In un contesto come quello attuale, in cui milioni di fiori finiscono al macero e l’esportazione di fiori è bloccata, viene a galla in maniera ancora più evidente il problema legato all’arretratezza digitale del settore floricolo. Si tratta di un comparto che nel corso degli ultimi anni non è passato attraverso nessun processo di digitalizzazione.

L’industria floreale all’ingrosso soffre di una grossa lacuna tecnologicanei processi di vendita e distribuzione; l’acquisizione dei clienti è fatta mediante agenti sul territorio, tutte le operations vengono gestite ancora manualmente, la logistica manca di un reale tracciamento dei prodotti.

Proprio con l’obiettivo di innovare il settore e dare l’opportunità ai produttori nazionali di ripartire con più forza nel post-emergenza, Bloovery, la startup che vuole cambiare il modo in cui fiori e piante vengono esportati, venduti e distribuiti in Europa, lancia ora su Mamacrowd una campagna di equity crowdfunding che punta a raccogliere 300.000 euro.
Grazie all’introduzione di una piattaforma che rende semplice ed immediata l’esperienza di acquisto e il controllo delle spedizioni, Bloovery è riuscita ad inserirsi nel contesto dell’industria floreale all’ingrosso con lo scopo di innovare un settore tradizionale come quello dei fiori attraverso le nuove tecnologie, semplificando la user experience dei clienti e connettendo in modo digitale i produttori ed i rivenditori del settore floreale.
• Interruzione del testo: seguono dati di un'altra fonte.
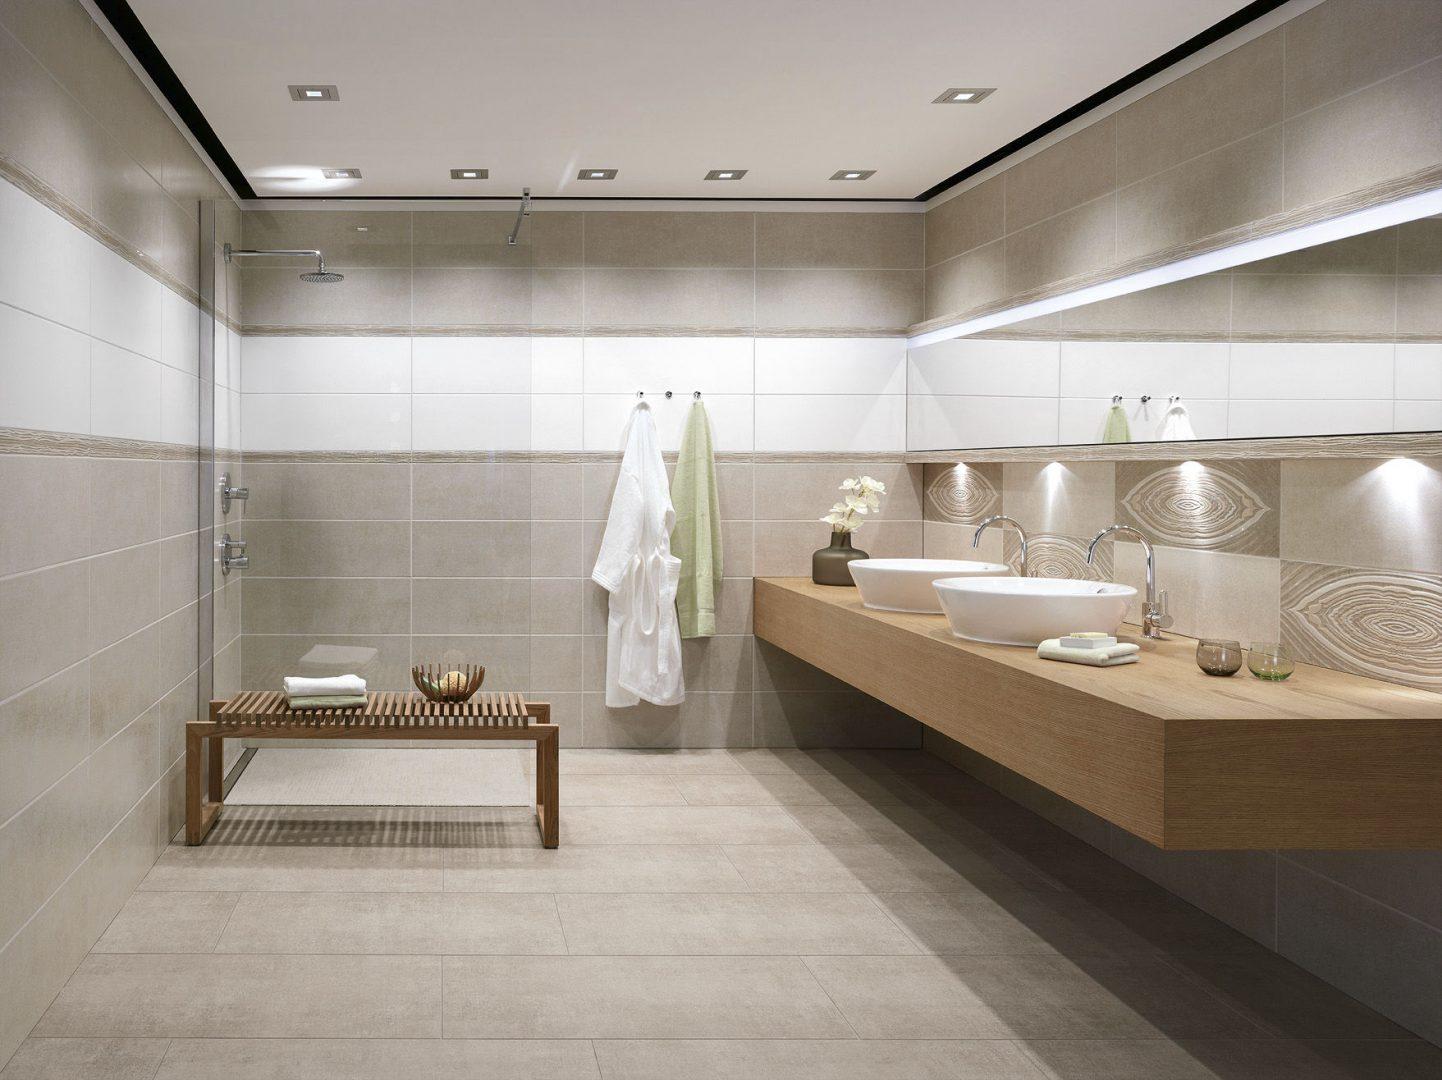 Ba o con azulejos de porcelana im genes y fotos for Muebles para restaurantes modernos

Un sistema che permette di abbattere gli sprechi di merce, tempo e denaro, ad esempio dimezzando il costo della componente logistica dal 15% al 7% del prezzo dei fiori.

Senza contare l’impatto ambientale: generalmente i fiori vengono inviati da ogni Paese produttore in Olanda per essere messi all’asta e successivamente spediti per le destinazioni degli acquirenti, in alcuni casi tornando indietro nel Paese di produzione. “Con lo sviluppo tecnologico del settore invece puntiamo ad evitare inutili spostamenti di tir per l’Europa, diminuendo così anche le emissioni di CO2”, spiega Simone Guzzetti, CEO e co-founder di Bloovery.

Per migliorare l’intera filiera sono quindi “necessari due passaggi, il primo dei quali è proprio digitalizzare la filiera B2B: i clienti di Bloovery, ad esempio, sono tutti i professionisti del settore floreale (fioristi, garden center, floral designer e wedding planner) che hanno la possibilità di acquistare fiori, piante e accessori tramite un webshop, scegliendo da un catalogo di oltre 15.000 articoli”, sottolinea Guzzetti.
Il secondo punto riguarda il delivery B2C: “se fosse maggiormente sviluppato sarebbe possibile, ad esempio, pensare a delle soluzioni per fornire il pubblico con fiori e piante, senza bisogno di uscire di casa, e la filiera non sarebbe ferma al 100%”.
In questo contesto di crisi e discontinuità l’italia ha quindi “la possibilità di creare un mercato interno che, a fianco delle aste olandesi, possa consentire ai produttori e commercianti d’Italia una ripartenza più veloce e che metta al riparo quanto più possibile le fioriture in corso”, sottolinea Guzzetti.

Oltre a permettere al fiorista di effettuare ordini comodamente online, ricevendoli in negozio in sole 24 ore, Bloovery è la prima piattaforma direttamente collegata alle aste Olandesi dei fiori, e permette per ogni ordine di ricevere una valutazione precisa del miglior prezzo disponibile, permettendo così ai clienti di risparmiare fino al 30%.